Saturday, March 12, 2016

Just Purchased: Panasonic Lumix DMC-ZS40

I just purchased a Panasonic Lumix DMC-ZS40 pocket superzoom digital camera. It seems like it will be a good "secondary" camera for when I need to extend the focal-length range to capture the far-away images that I want.

I posted a few days ago that I was interested in several Sony pocket superzoom cameras, including the HX90. These cameras and the Panasonic ZS40 have seemingly identical specs, including a 1/2.3" 18-megapixel sensor. The Sony cameras all have a Zeiss 24mm-720mm f/3.5-6.4 lens, while the Panasonic camera has a Leica 24mm-720mm f/3.3-6.4 lens.
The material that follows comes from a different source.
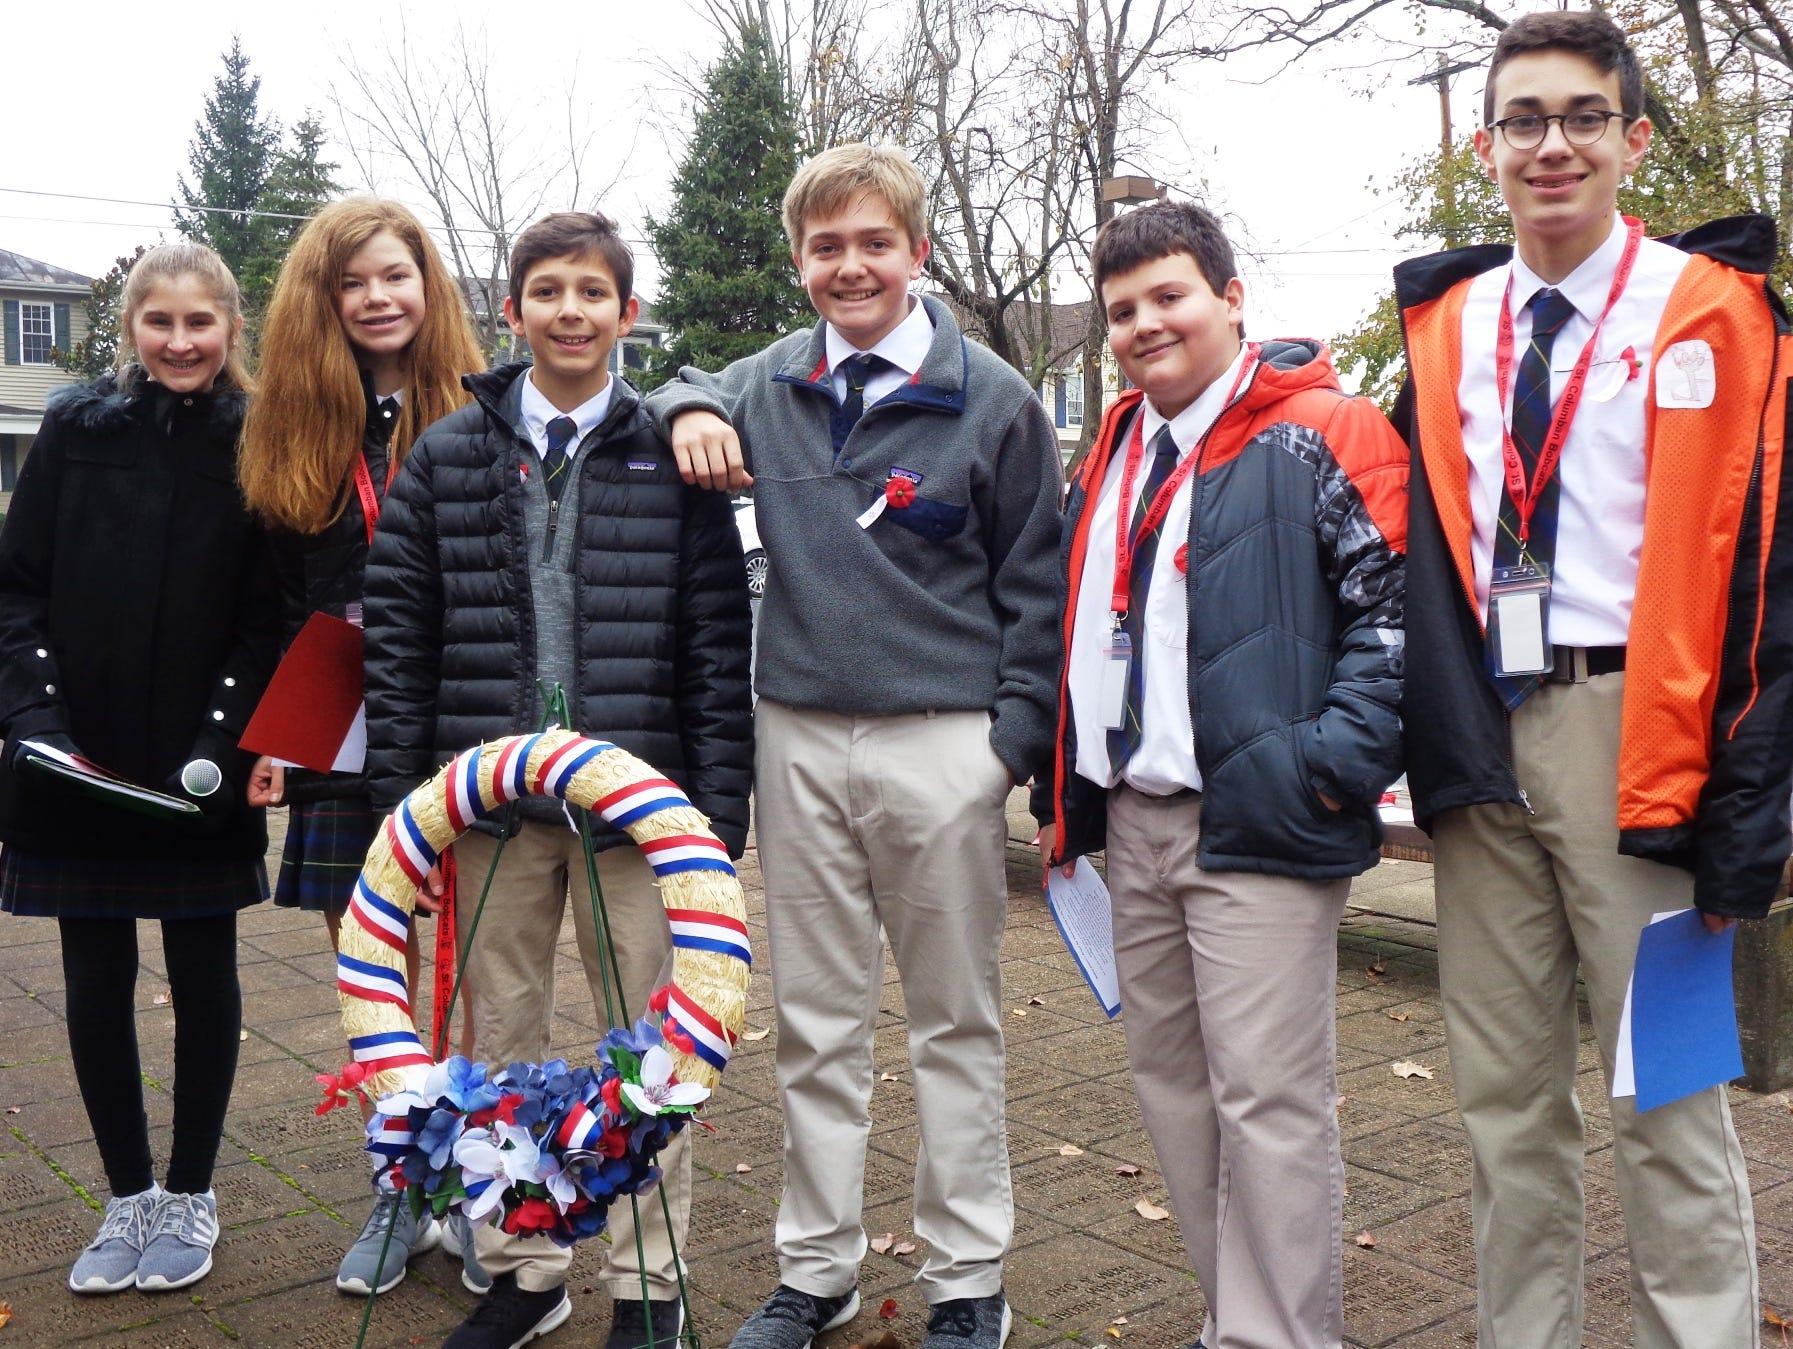 Ella Skolnicki, Sophie Seavey, Dominic Infantino, Sam Hawkins, Nick Worpenberg and Teddy Andrews, St. Columban eighth-grade Student Council, led the Veteran's Day ceremony in Loveland.

The cameras are way more similar than dissimilar. The differences are very minor. But the Panasonic ZS40 has two advantages over the Sony models: RAW capabilities and price.

Sony, for whatever reason, does not give you the ability to save in RAW format with their pocket superzoom cameras. Panasonic, however, did include that option on their model. RAW is almost essential when you're using a tiny sensor camera because the margin for error is thinner than with larger sensor cameras.

Costco currently has the ZS40 on sale for $200 (normally the camera is $350). For that kind of money you can't go wrong! It's significantly cheaper than the Sony models, which right now can run you more than double that price.

Why do I want a pocket superzoom?

I much prefer pocket cameras over DSLRs and compact interchangeable-lens cameras because the experience is much better. I'm much more likely to have the camera with me if it can fit into my pocket. Besides that, I'm inconspicuous with a pocket camera, and that might be the difference between getting the shot or not.

My "main" camera is a Sony RX100 II, which is nothing short of fantastic for it's size, but one limitation is a maximum focal-length reach of 100mm. Sometimes I want something just a little more telephoto. The Panasonic ZS40 will give me that (plus a little more on the wide-angle side).

The ZS40 will never replace the RX100 II. One reason is that the Sony camera has a wider dynamic range. Another reason is that the Sony has a two-stop practical high-ISO advantage. The RX100 II will get used when it can be used.

But sometimes the ZS40 will be the tool of choice because of the telephoto reach. It will be easy for me to have one camera in one pocket and the other camera in another pocket, both within easy reach.

It may seem odd that I would go with a camera with such a tiny sensor. But it shouldn't seem too strange because I've managed to get some good photographs with my Nokia Lumia 1020, which has a small sensor.

Besides that, the lens is just as important, if not more important, to image quality than the sensor, and the Leica lens on the ZS40 is a good one. A sensor will only perform as well as the lens attached to it, so a great lens on a mediocre sensor will produce good image quality. A mediocre lens on a great sensor will produce mediocre image quality.

The camera is supposed to arrive in the mail later this week. Once I have a chance to use it I'll be sure to post a full review.